A corporation operates according to state law, and is formed by filing Articles of Incorporation with the Secretary of State. Although each state has its own preferred form, the Articles almost always require you to supply the business name, purpose of the company, and how may shares of stock the corporation is authorized to issue.
The life of a corporation is theoretically everlasting. In other words, the company will remain in existence until it is dissolved, by either state administrative action or voluntarily by the shareholders. The process for shareholder dissolution can vary between states, but usually requires the filing of Articles of Dissolution with the secretary of state and winding up corporate affairs by settling creditor claims and distributing remaining assets. If the shareholders do not complete this step, the corporation does not dissolve and instead remains inactive. Inactive corporations are not operational and have no revenue or expenses, but are still deemed to be in existence. During periods of inactive status, the corporation must still file tax returns and annual reports, and continues to be potentially liable to creditors.
Although a corporation may become inactive voluntarily by ceasing operations, it may also be placed on inactive status by the state. Most states will automatically remove a corporation's active status if the company has failed to file required annual reports or any other state-required documents. However, the time period in which such reports can remain delinquent before inactive status kicks in can vary from state to state. For example, in Louisiana, a corporation will only be placed on inactive status if you fail to file three years in a row.

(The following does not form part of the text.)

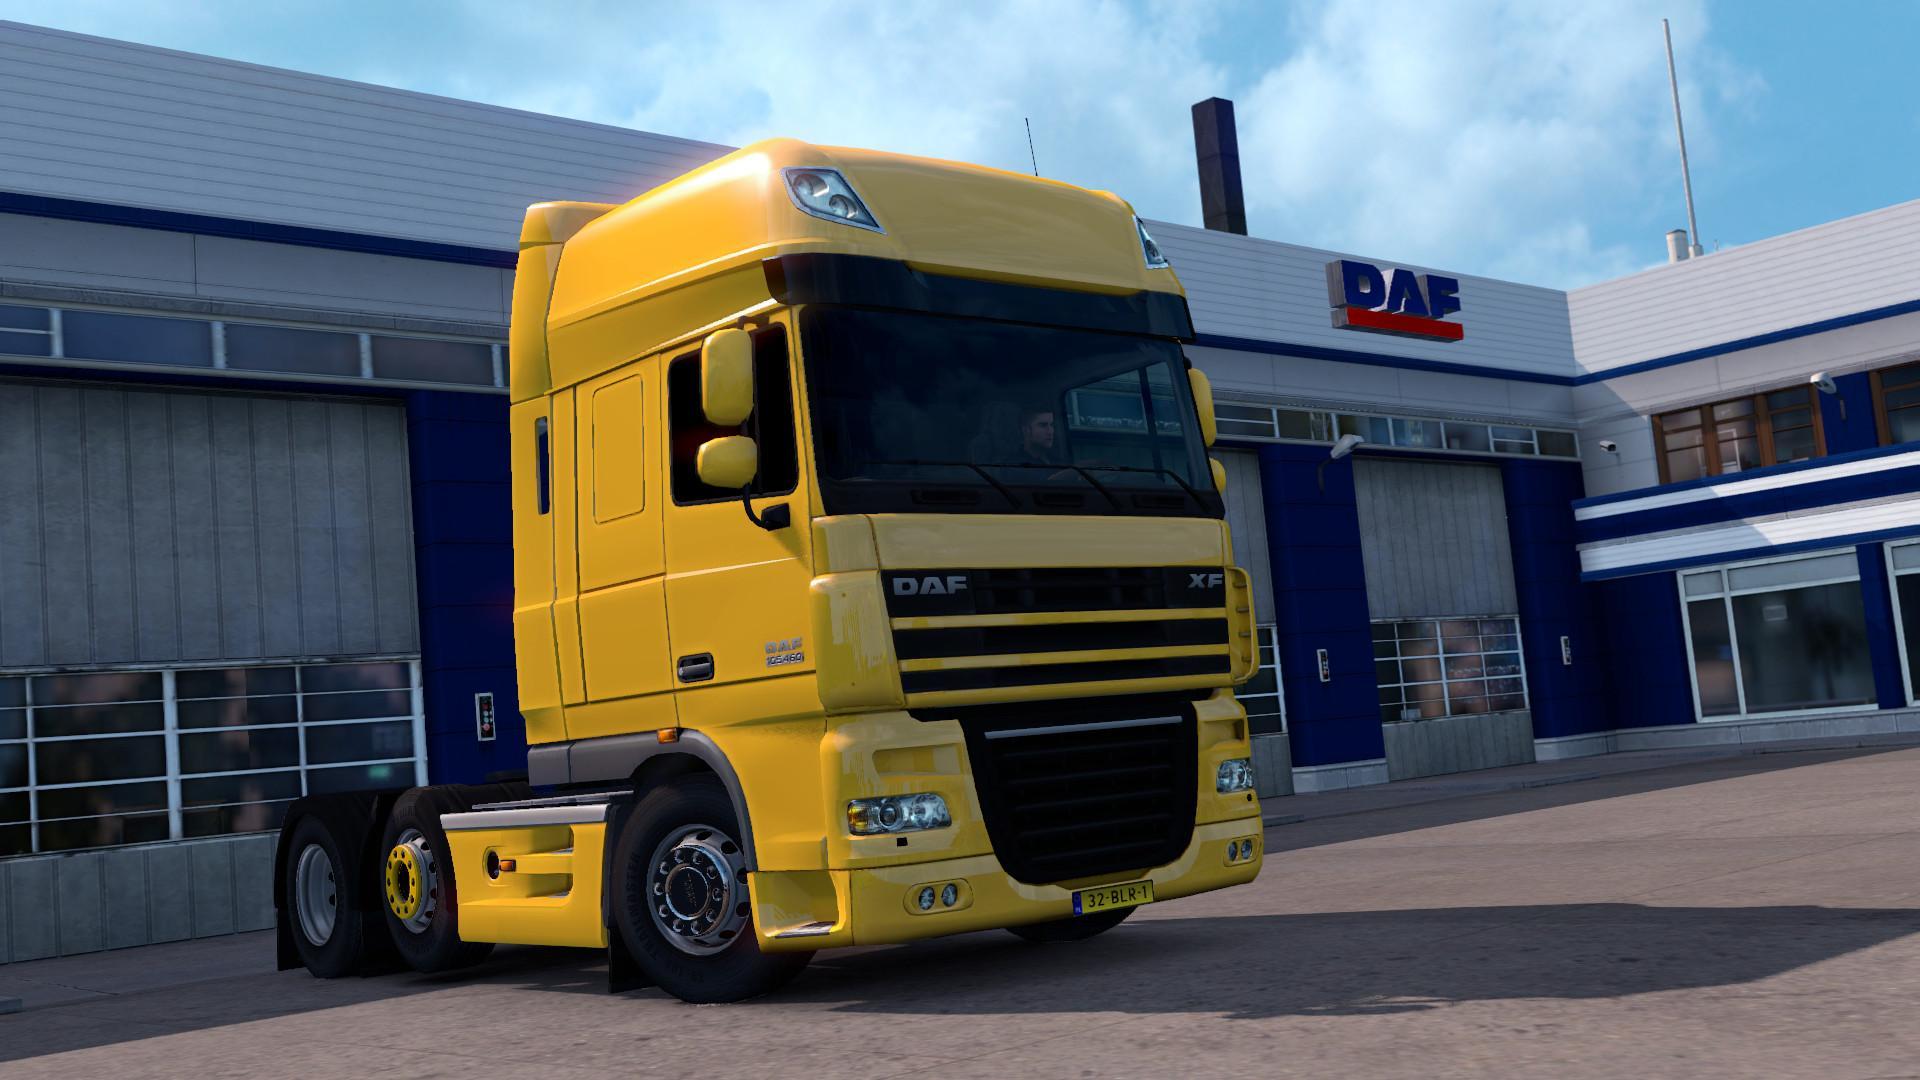 daf xf 105 by 50k for truck euro truck simulator 2 mods. Black Bedroom Furniture Sets. Home Design Ideas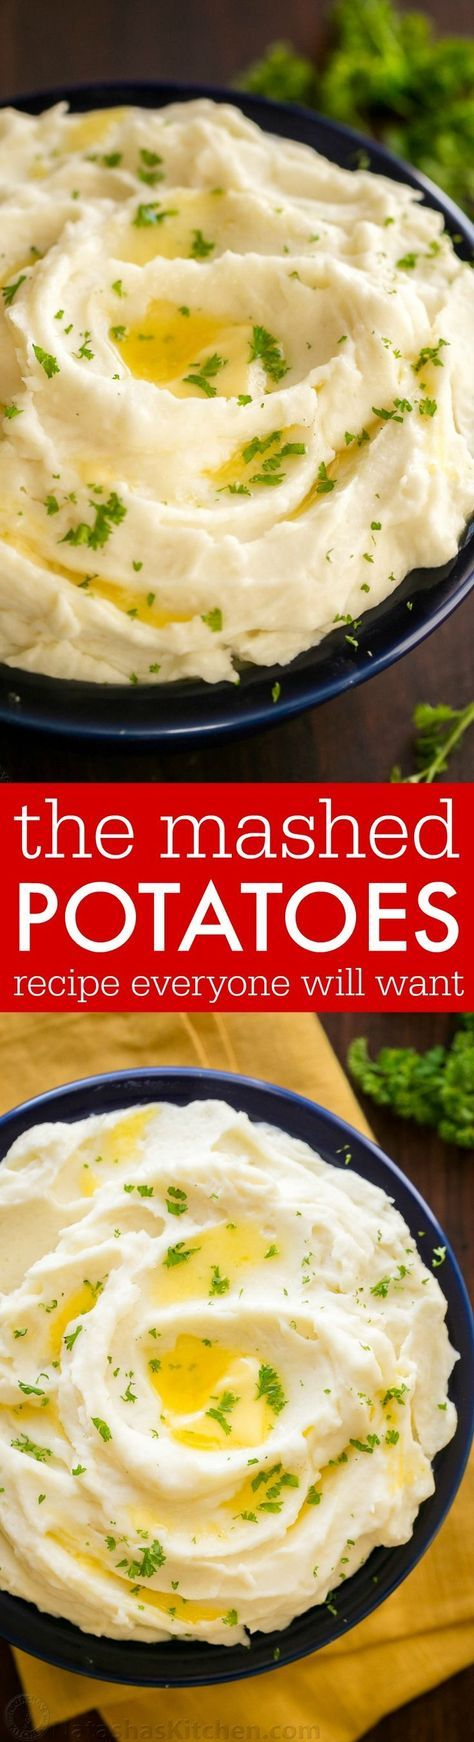 These creamy mashed potatoes are shockingly good! Learn the secrets to the best mashed potatoes recipe. Whipped, velvety and holiday worthy mashed potatoes! | http://natashaskitchen.com

In Georgia, a corporation can be declared inactive if an annual report is delinquent for more than 60 days.
Like revocation, the process for reinstatement of an administratively inactive corporation can vary from state to state. Georgia, for example, requires a formal request for reinstatement filed along with the current annual report and a filing fee. In Maine, penalties are assessed against the corporation, which must be paid. Further, the state requires the corporation to file an application indicating the grounds for dissolution have been corrected. The application will be reviewed by the Secretary of State for completeness before reinstatement will be approved. In contrast, Alaska does not require the filing of a formal reinstatement request, but imposes the payment of double the filing fees plus all fees that would have been due during the period while the corporation was dissolved. In Alaska, reinstatement is only available for two years after a corporation is declared inactive; after that time, the company must start over with the incorporation process.